Discrete symmetries of Dirac's theory in the de Sitter manifold

TL;DR

This paper investigates the discrete symmetries of the Dirac field in de Sitter space, revealing a group structure similar to special relativity and analyzing their local and global properties in different frames.

Contribution

It characterizes the discrete symmetry group of Dirac's theory in de Sitter space, distinguishing proper and improper isometries and their physical significance.

Findings

The discrete symmetry group in the expanding universe has order 16.

Proper isometries preserve the physical portion of de Sitter space.

All isometries, including improper ones, are studied in conformal frames.

Abstract

The discrete symmetries of the Dirac field on the de Sitter manifold are studied taking into account that this has two portions that can play the role of physical space-times, namely the expanding and a collapsing universes. The proper discrete isometries which preserve the portion have a physical meaning in contrast to the improper ones which change the portion remaining thus of a mere mathematical interest.

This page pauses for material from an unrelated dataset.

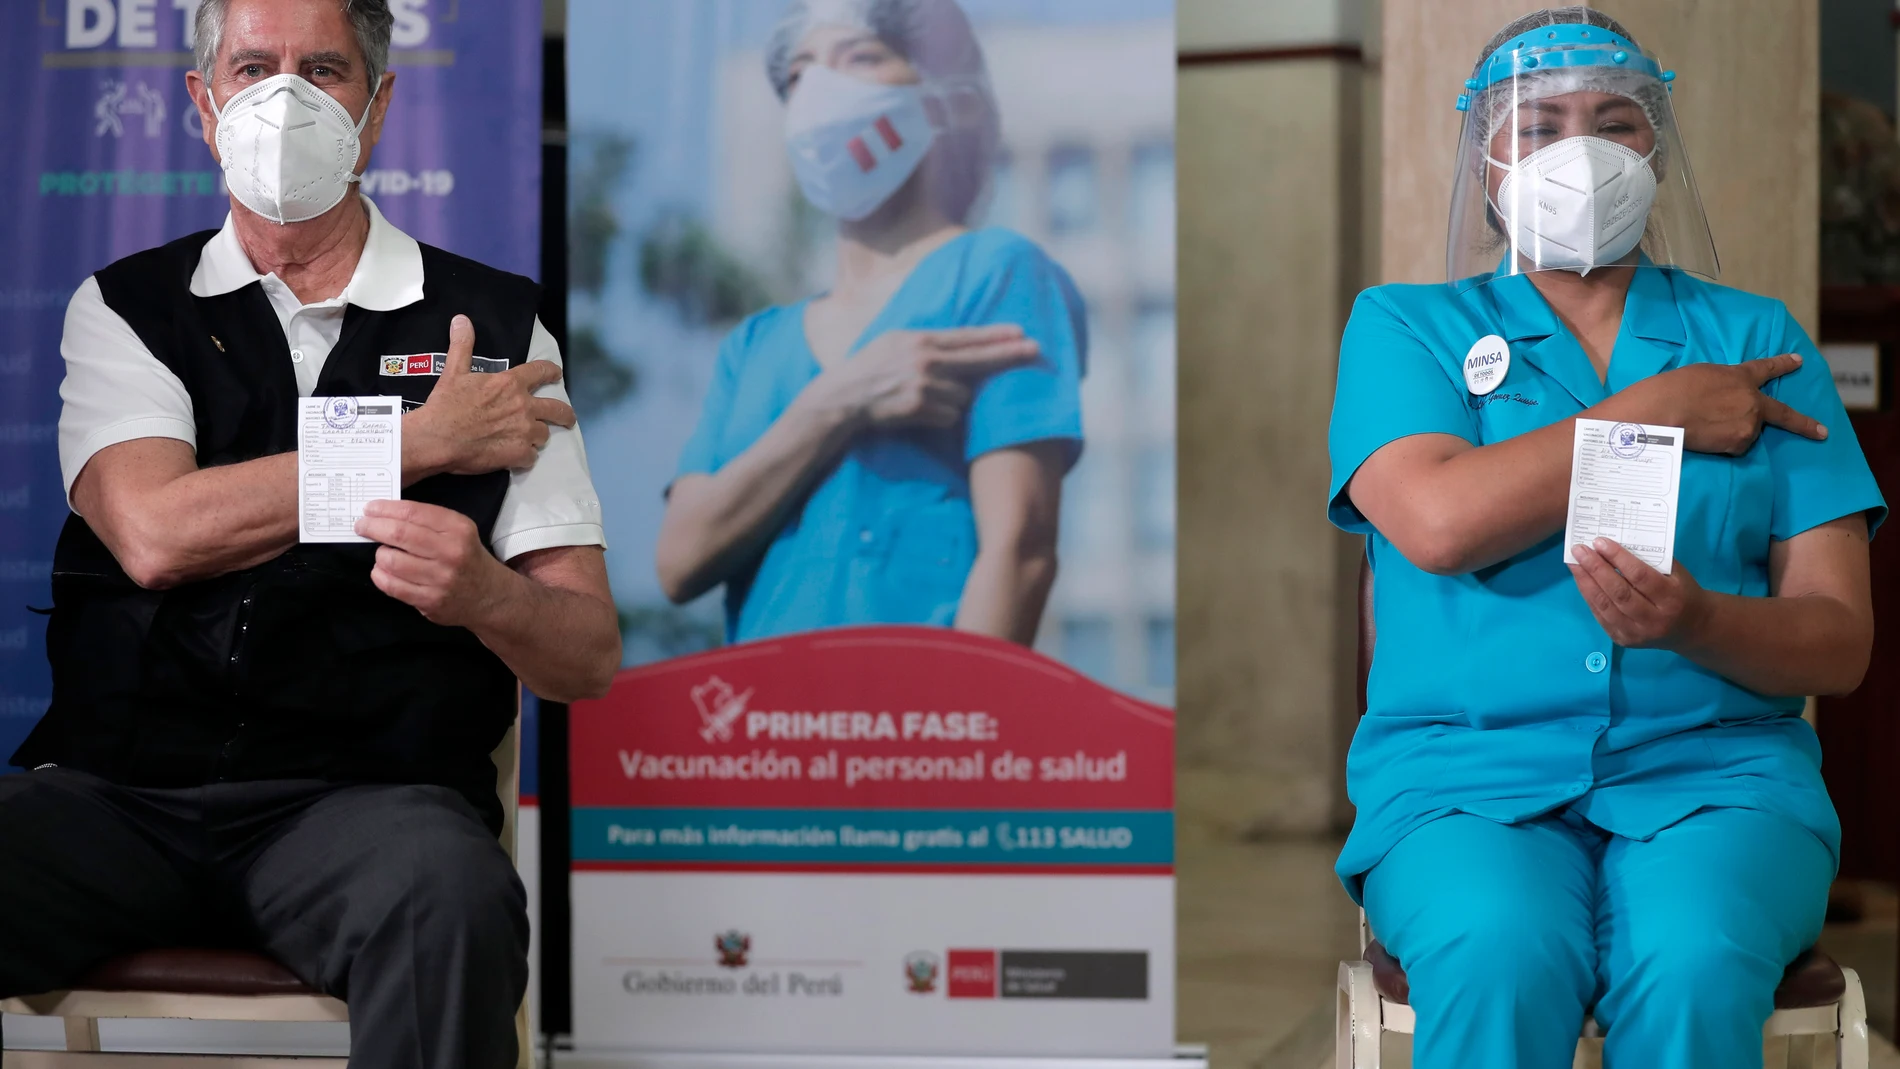 El presidente de Perú, Francisco Sagasti, y una enfermera muestran los documentos que certifican su vacunación

The discrete symmetries generated by the proper isometries and charge conjugation are studied in physical frames on the expanding portion shoving that all the discrete transformations reversing the cosmic time are local depending on a local boost matrix. Thus the discrete group of Dirac's theory in the de Sitter expanding universe is obtained showing that this is of the order 16 having a multiplication table similar to that of Dirac's theory in special relativity. Moreover, all the discrete de Sitter isometries, including the improper ones, are studied in conformal frames for obtaining a global image about the de Sitter isometries in spite of the fact that these cannot be gathered in a larger discrete group with physical meaning.